In many epidemiological models of microparasitic infections it is assumed that the infection process is governed by the mass–action principle, i.e. that the infection rate per host and per parasite is a constant. Furthermore, the parasite–induced host mortality (parasite virulence) and the reproduction rate of the parasite are often assumed to be independent of the infecting parasite dose. However, there is empirical evidence against those three assumptions: the infection rate per host is often found to be a sigmoidal rather than a linear function of the parasite dose to which it is exposed; and the lifespan of infected hosts as well as the reproduction rate of the parasite are often negatively correlated with the parasite dose. Here, we incorporate dose dependences into the standard modelling framework for microparasitic infections, and draw conclusions on the resulting dynamics. Our model displays an Allee effect that is characterized by an invasion threshold for the parasite.
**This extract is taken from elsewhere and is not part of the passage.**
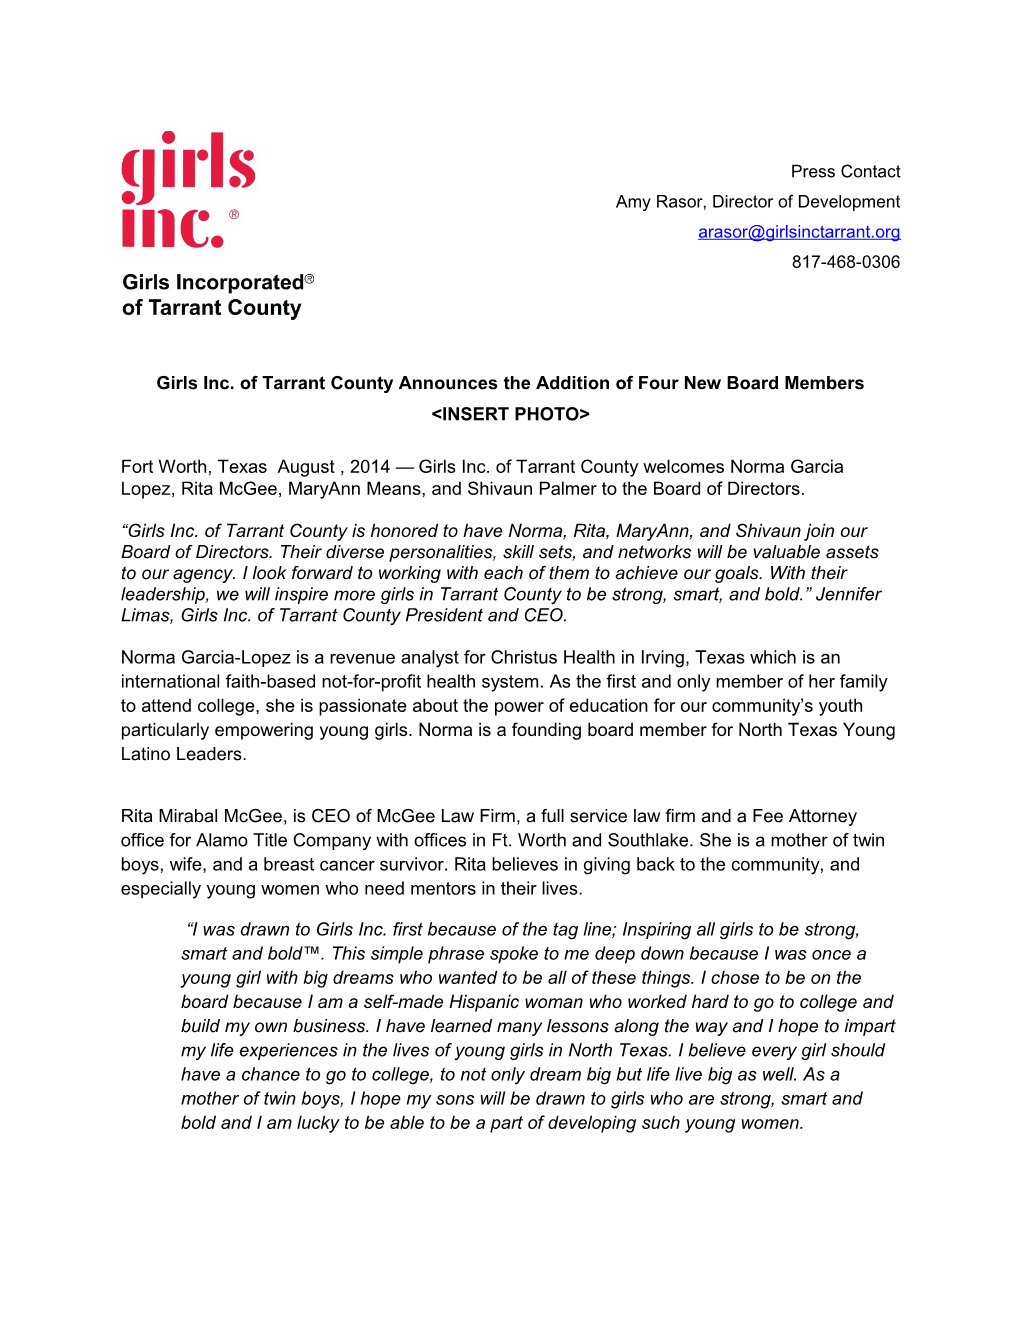 Girls Inc. Oftarrant County Announces the Addition of Four New Board Members

Furthermore, in contrast to standard epidemiological models a parasite strain needs to have a basic reproductive rate that is substantially greater than 1 to establish an infection. Thus, the conditions for successful invasion of the parasite are more restrictive than in mass–action infection models. The analysis further suggests that negative correlations of the parasite dose with host lifespan and the parasite reproduction rate helps the parasite to overcome the invasion constraints of the Allee–type dynamics.